Acériculture 9 mai 2025

Une cabane à sucre où le temps est suspendu

SAINT-BLAISE-SUR-RICHELIEU – À la cabane à sucre Le Blairfindie, ne cherchez pas à payer par carte, à réserver par Internet ou à vous connecter au wifi. Les propriétaires de 73 et 76 ans, Christine Rhéaume et Gaétan Delisle, se font un devoir de recevoir le public dans leur petite salle à manger, comme ils le faisaient à leurs débuts, en 1998, en privilégiant le contact humain d’abord et avant tout.

« C’est drôle à dire, mais on parle à tout le monde », mentionne Mme Rhéaume, une semaine après la clôture de la 27e saison des sucres de cette cabane de Saint-Blaise-sur-Richelieu, en Montérégie. « On parle aux gens et je trouve que ça fait une différence [parce que] ça rend ça plus intime », dit-elle. Et ça commence par les premiers contacts au téléphone. 

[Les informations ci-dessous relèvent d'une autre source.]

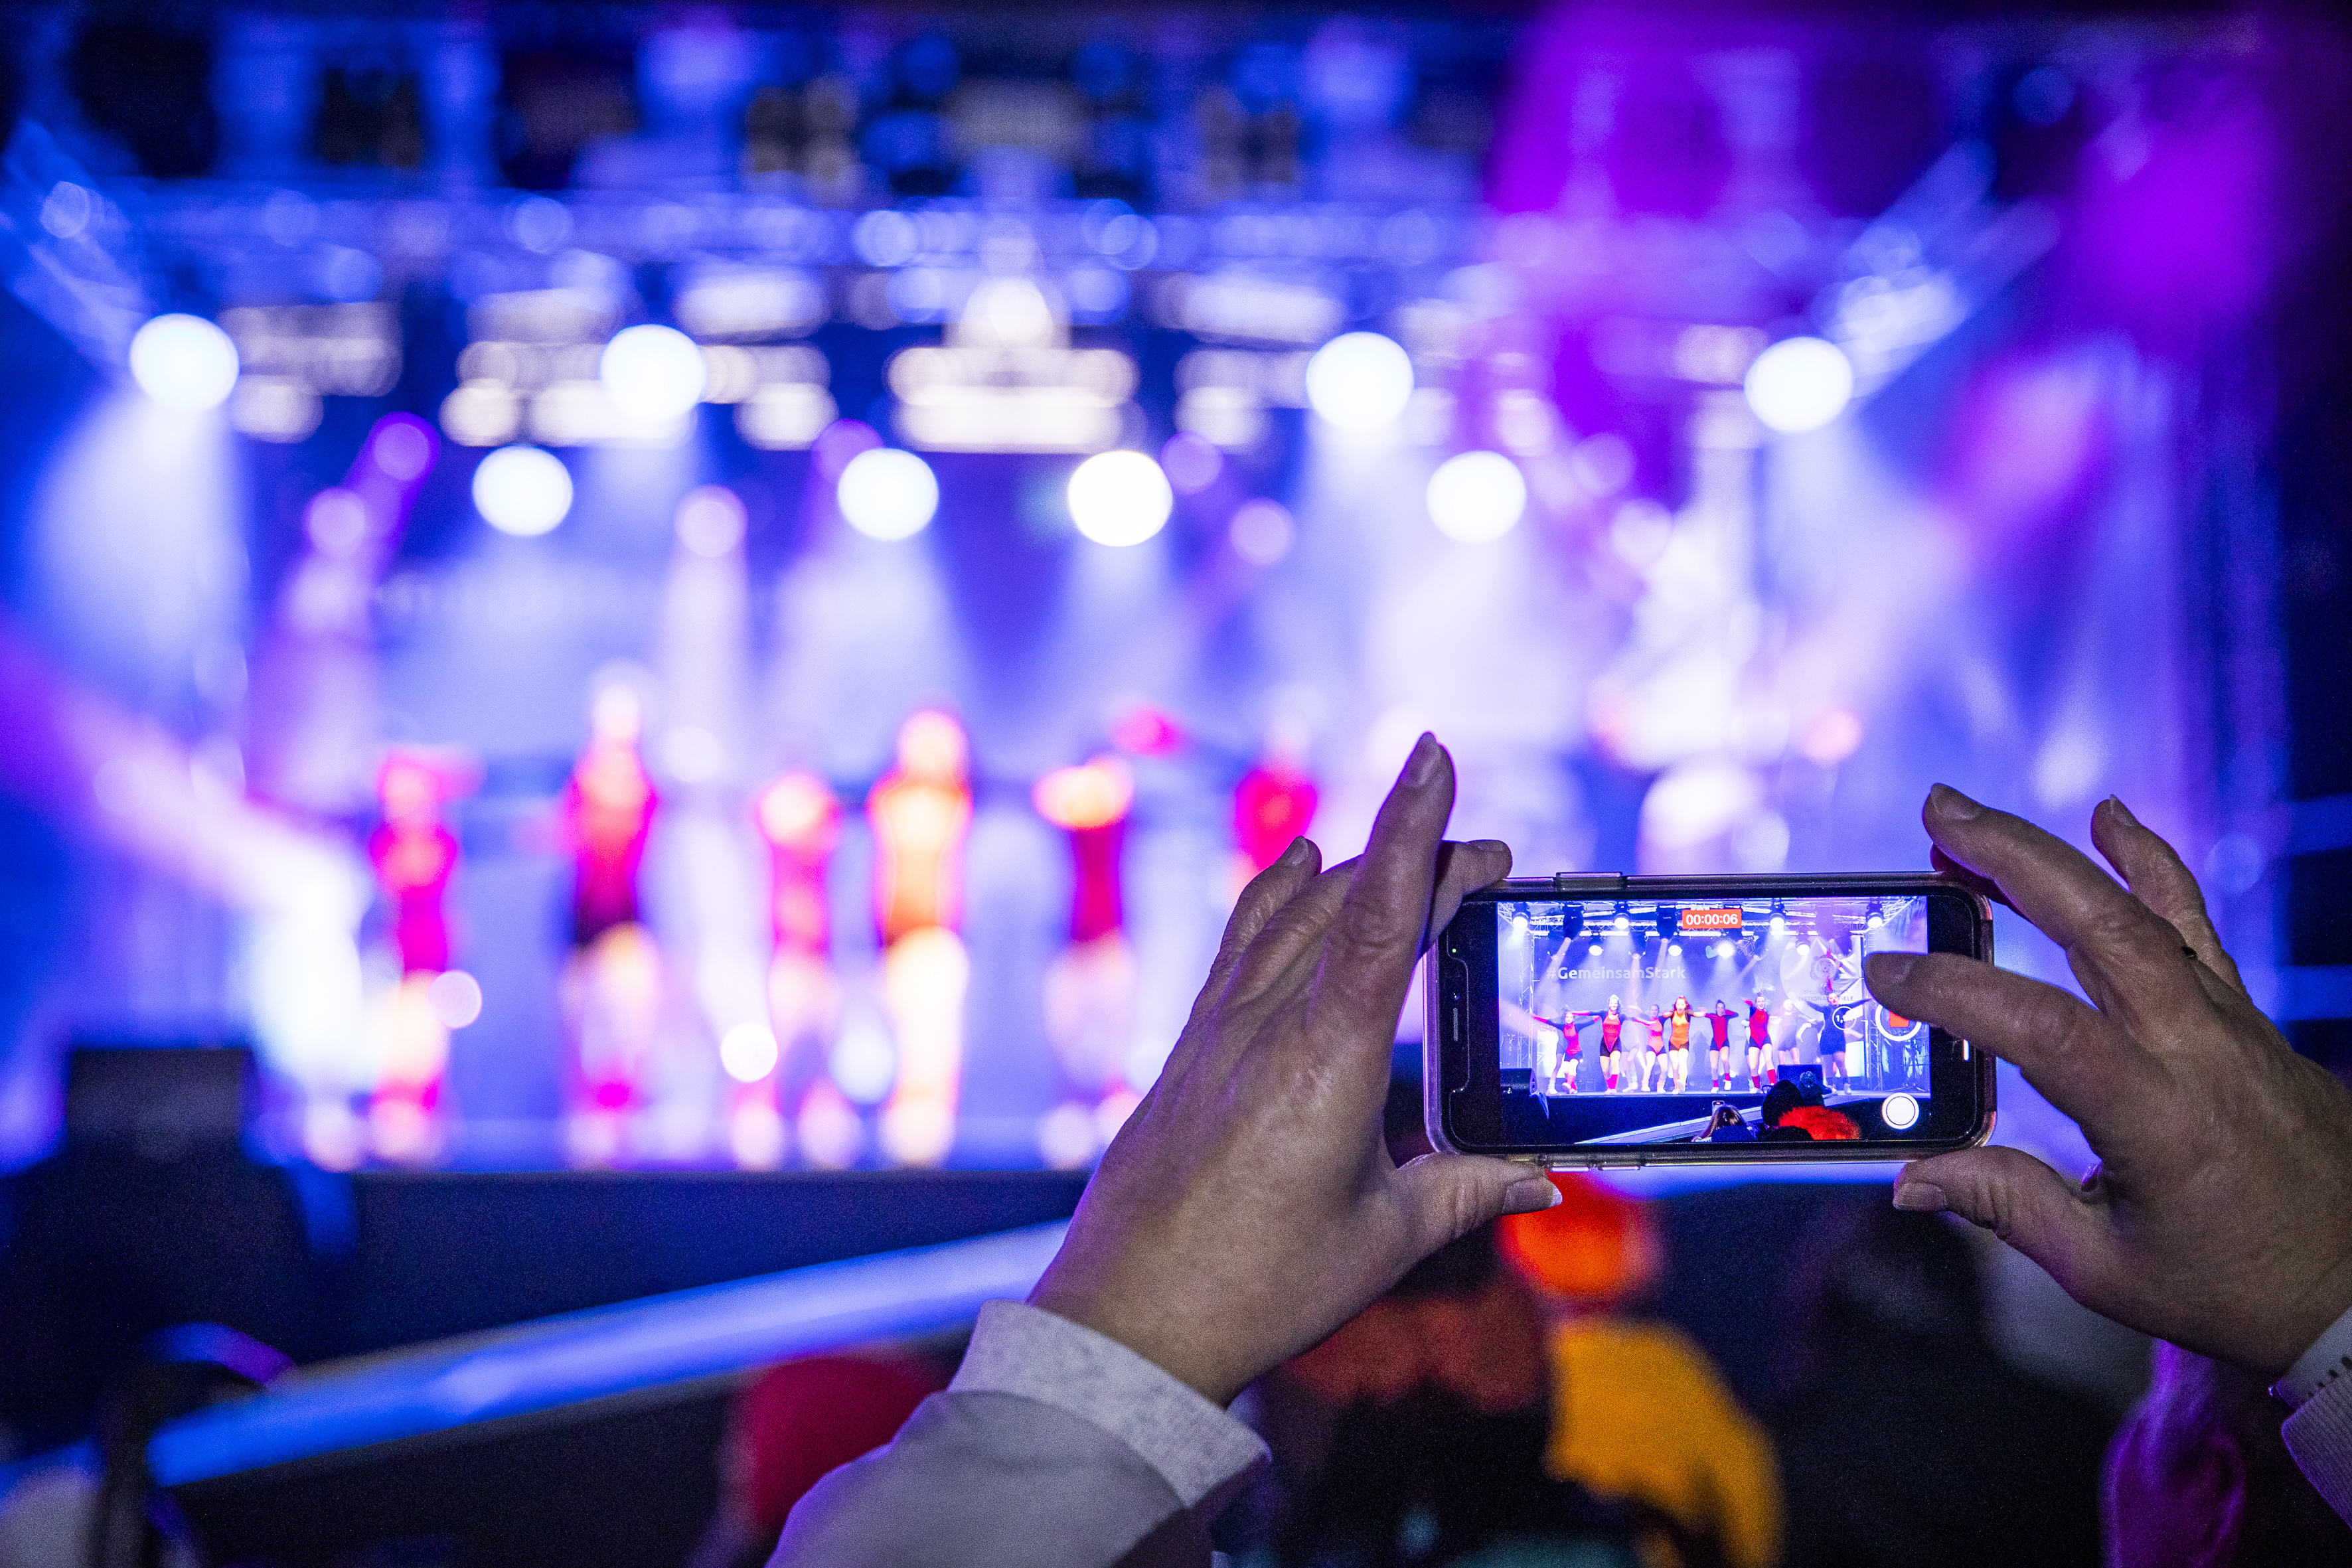 Im Hintergrund verschwommen Tänzerinnen und Tänzer auf der Bühne, im Vordergrund zwei Hände, die ein Handy halten, das filmt.

En raison de la popularité de l’endroit, la septuagénaire a dû changer sa façon de procéder cette année pour la première fois depuis la création de l’entreprise, mais elle s’est toujours fait un devoir de rappeler les gens, soit pour confirmer une réservation quelques jours avant celle-ci, ou pour répondre à des messages laissés sur la boîte vocale. « Même si on n’avait pas de place, moi je les rappelais, puis ils restaient surpris. Ils ne s’attendaient pas à ça. Puis, je pense que les gens aiment ça, parce que ça ne se fait plus », souligne-t-elle. 

Le contact avec les clients est aussi important durant le service. Gaétan Delisle présente à chacune des 14 tables leur plat signature, le jambon en croûte cuisiné par sa conjointe. Tout est soit préparé par elle ou provient d’entreprises locales. « Mais quand on vient au dessert, je sers le gâteau, juste pour pouvoir voir les gens puis leur dire bonjour », mentionne celle qui est aux fourneaux.

Pour moi, c’est important de garder un lien avec les clients. Mon mari, c’est du PR [des relations publiques]. Lui, il adore ça.

Christine Rhéaume
À chaque repas, Gaétan Delisle passe de table en table présenter le plat signature de son établissement, le jambon en croûte fait maison.
À chaque repas, Gaétan Delisle passe de table en table présenter le plat signature de son établissement, le jambon en croûte fait maison.

D’abord pour des collègues

À l’origine, c’est pour recevoir leurs collègues qu’ils ont commencé à organiser des événements chez eux. Gaétan travaillait alors à la Gendarmerie royale du Canada et Christine, à l’Association des membres de la police montée du Québec, mais ils cultivaient une terre de 10 hectares et exploitaient une érablière de plus de 2 000 entailles. 

Pour recevoir, le couple vidait la maison en mettant les meubles dans le garage et installait des tables à la place. Par la suite, le bois de deux granges a été recyclé pour construire la cabane qui accueille les gens aujourd’hui. « C’est comme ça que ç’a commencé, indique Mme Rhéaume. On ne voulait pas que ça soit gros, on voulait garder ça familial. » 

Et il y a fort à parier que la tradition se perpétuera pour cette famille. Bien que le couple n’ait plus l’énergie depuis quelques années de s’occuper de l’érablière (ils s’approvisionnent chez un voisin), leur fille Andréa et son conjoint reprendront la production l’an prochain. Le jeune couple, ainsi que leurs deux adolescents de 14 et 17 ans, viennent déjà de Mascouche, dans Lanaudière, toutes les fins de semaine, pour prêter main-forte en cuisine, à l’accueil ou pour ramasser la vaisselle sur les tables.